Exercise brief: Repeat every line of the listing below exactly, minus the pictures.

Information supplied:
○ ○ ○ ○

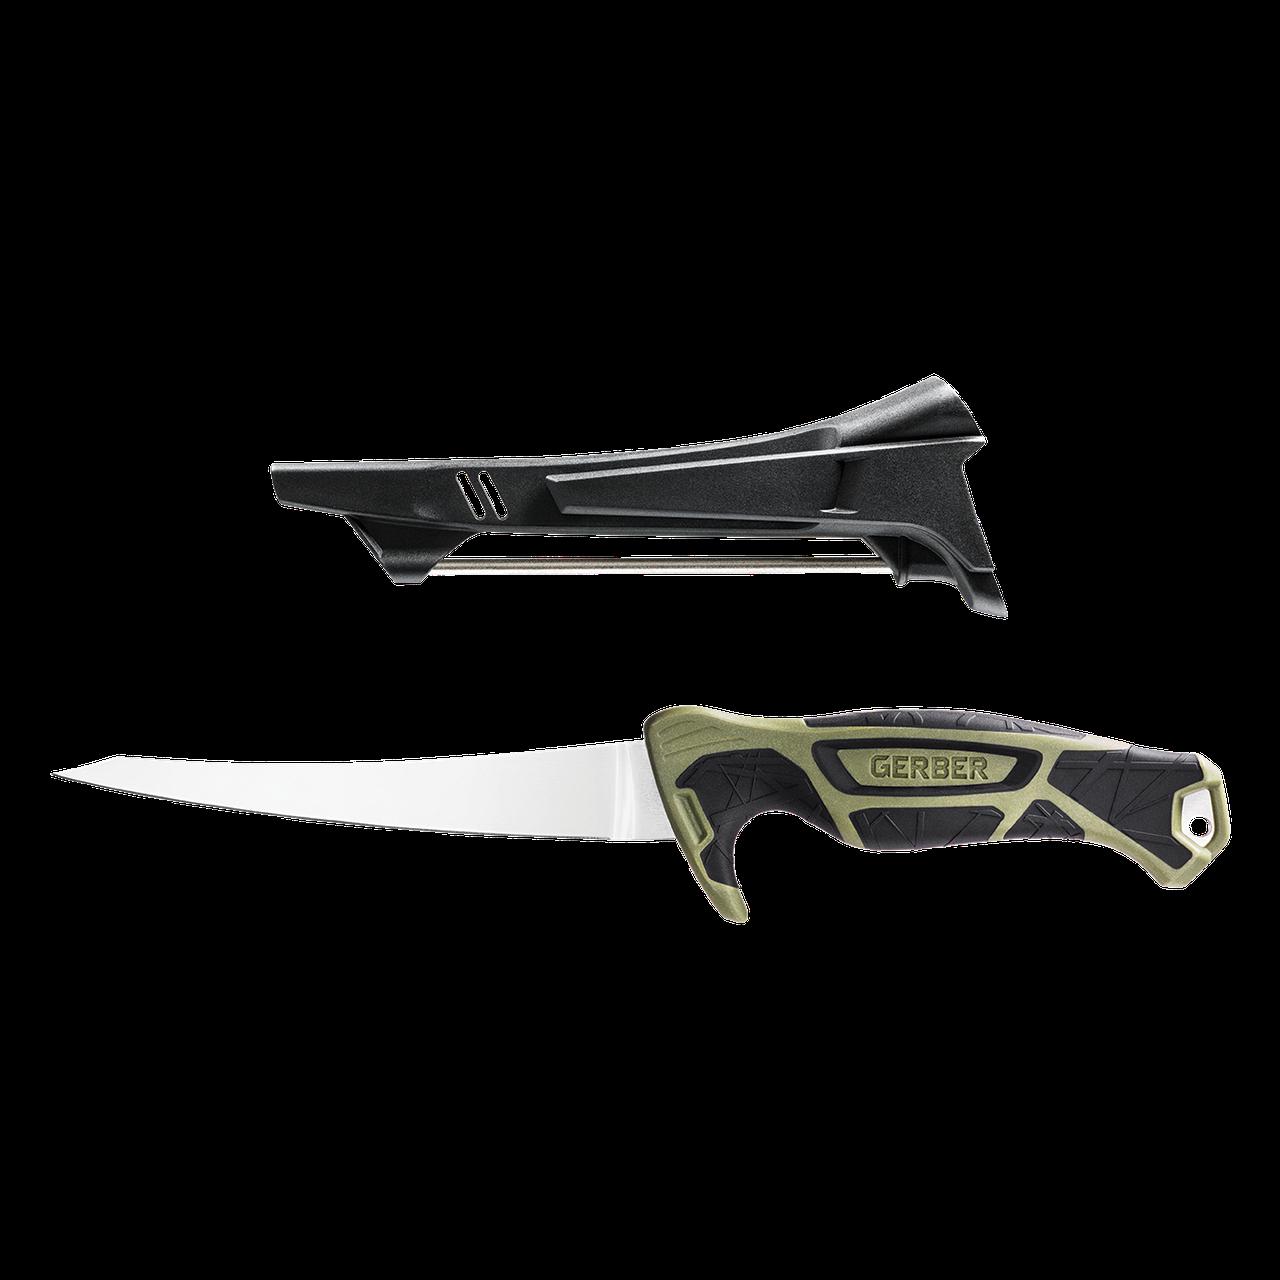 Нож Gerber Controller 6 Fillet Knife
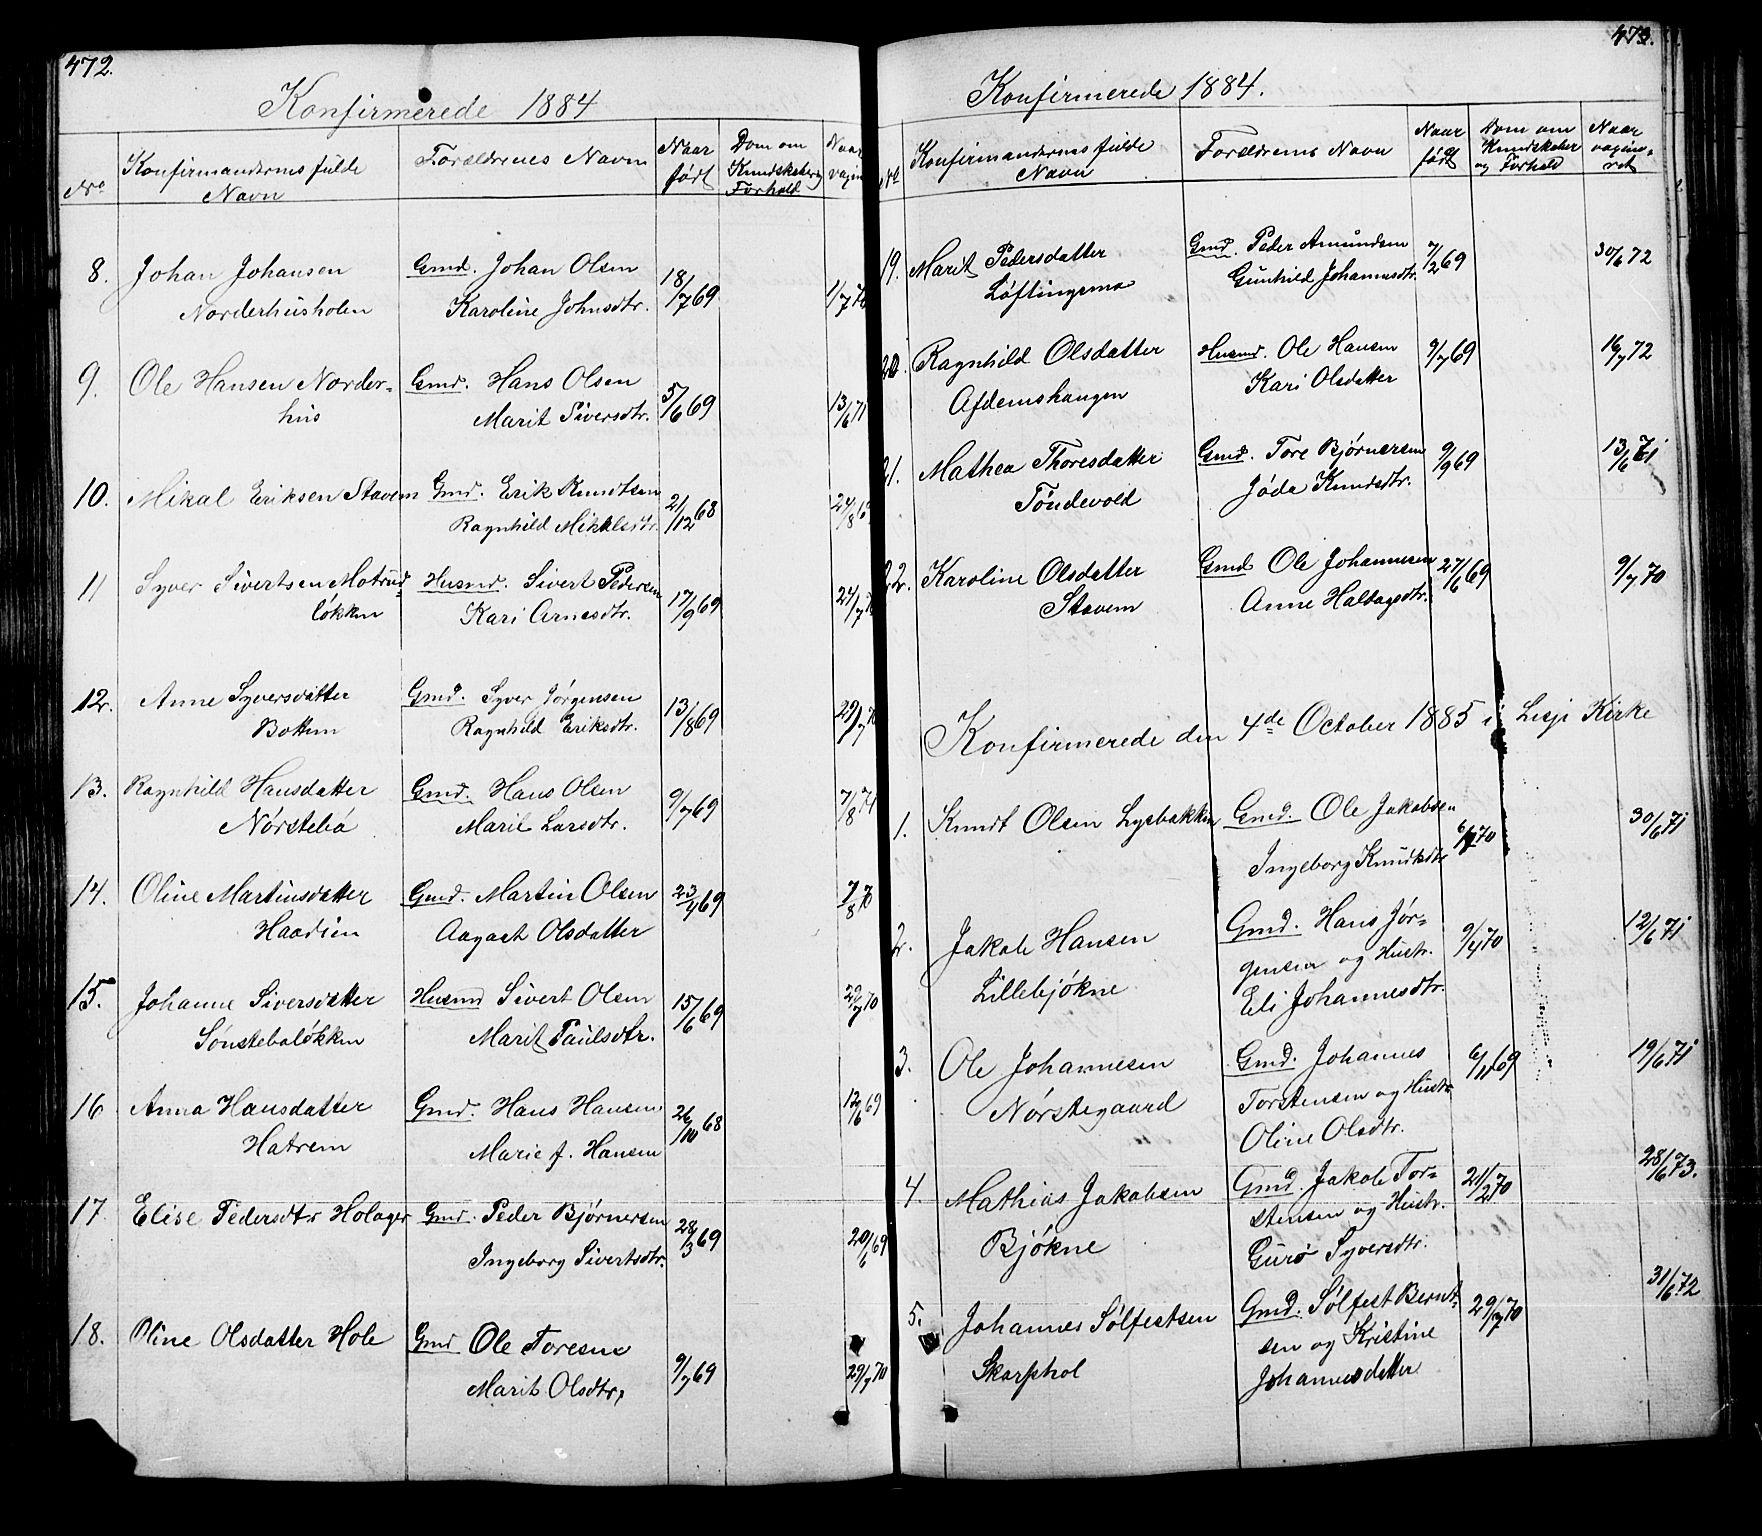 SAH, Lesja prestekontor, Klokkerbok nr. 5, 1850-1894, s. 472-473
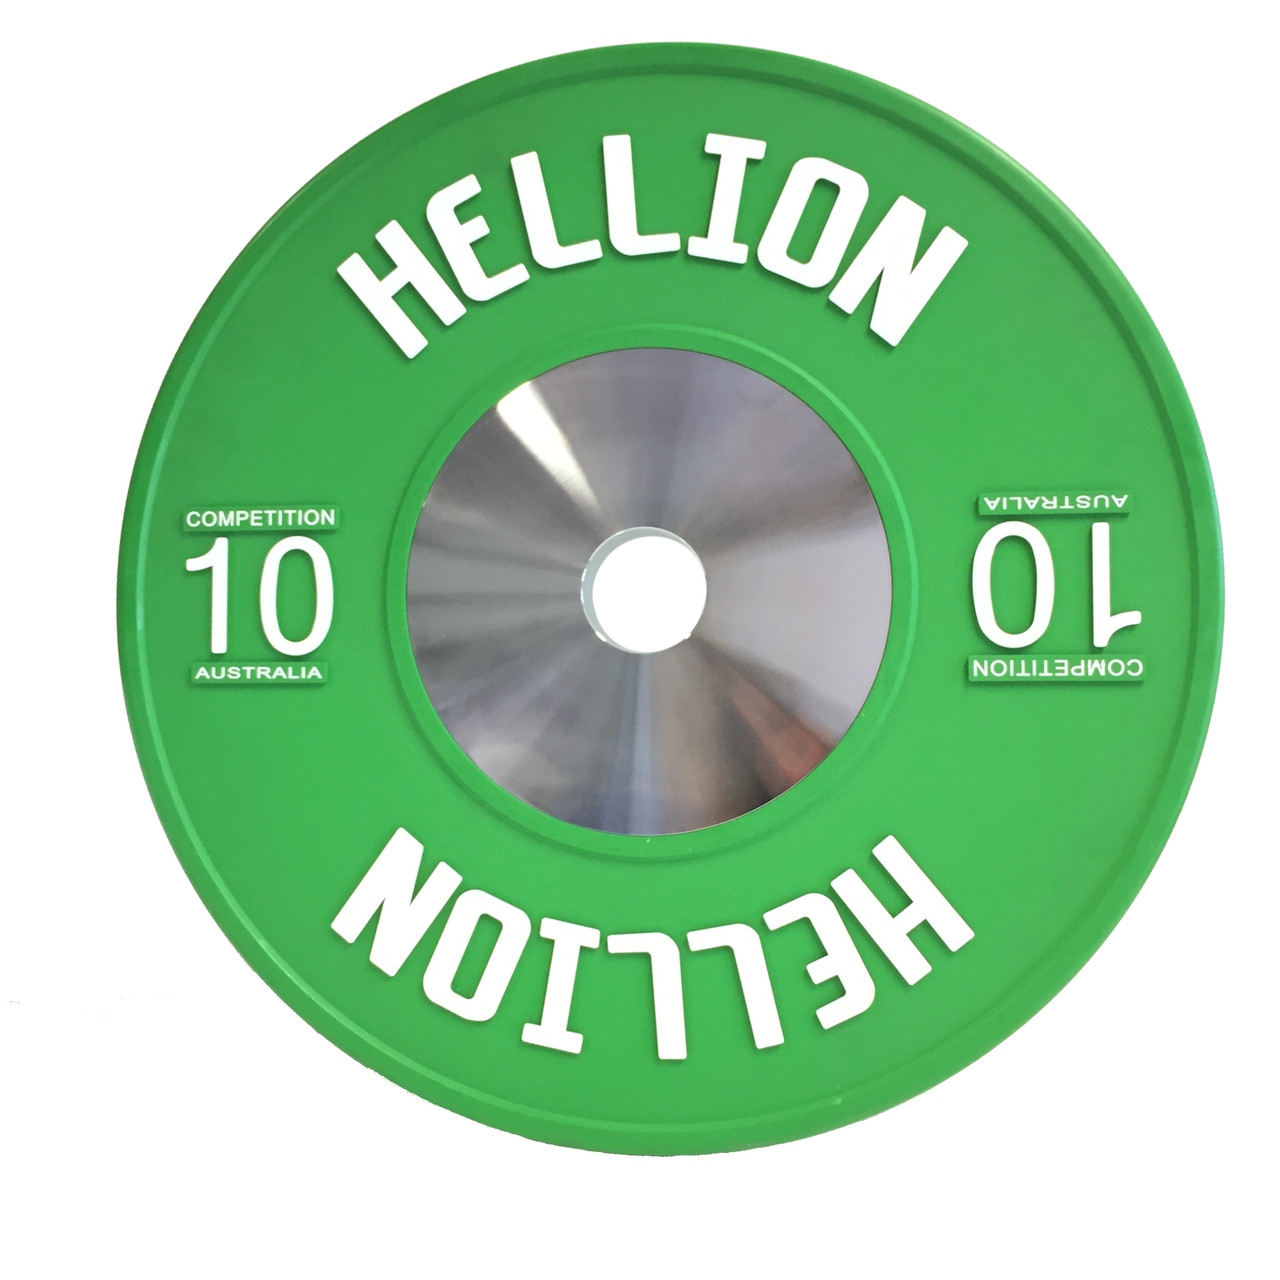 Hellion Elite Competition Bumper Plate V2.0 Raised Logo - 10kg (PAIR)
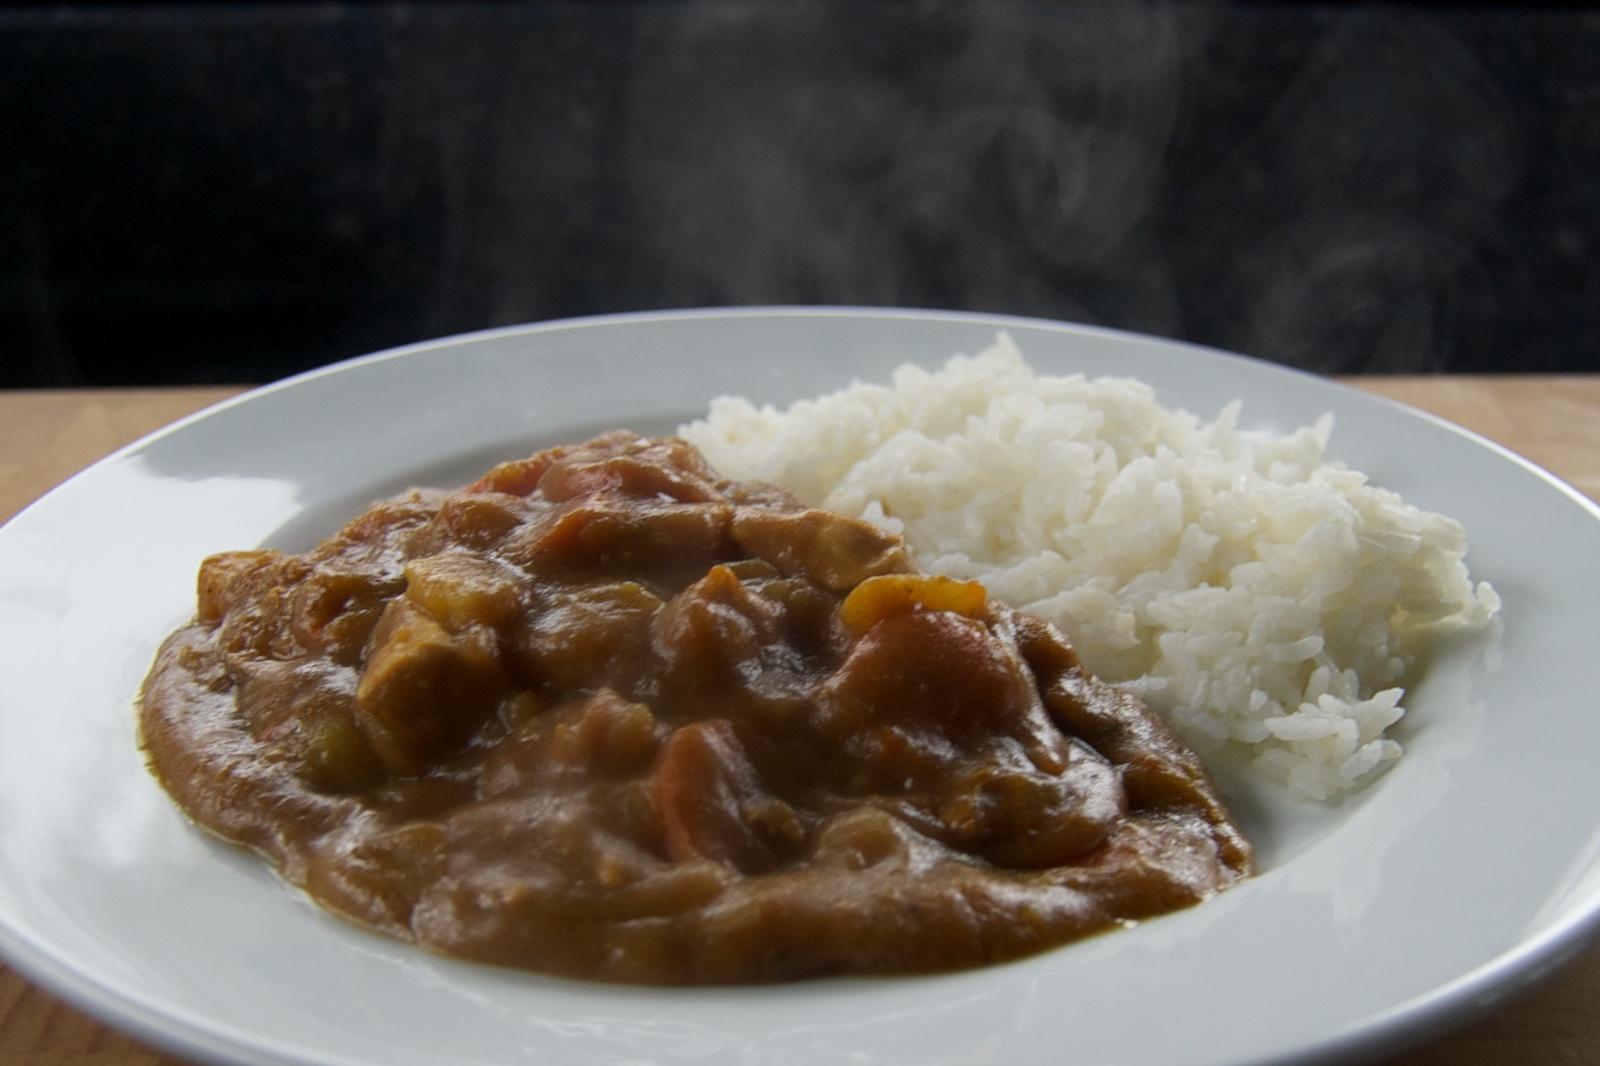 http://blog.rickk.com/food/2011/10/22/ate.2011.10.22.d.jpg

○ ○ ○ ○

Solution for this problem:
 Нож Gerber Controller 6 Fillet Knife
 SAH, Lesja prestekontor, Klokkerbok nr. 5, 1850-1894, s. 472-473
 Hellion Elite Competition Bumper Plate V2.0 Raised Logo - 10kg (PAIR)
 http://blog.rickk.com/food/2011/10/22/ate.2011.10.22.d.jpg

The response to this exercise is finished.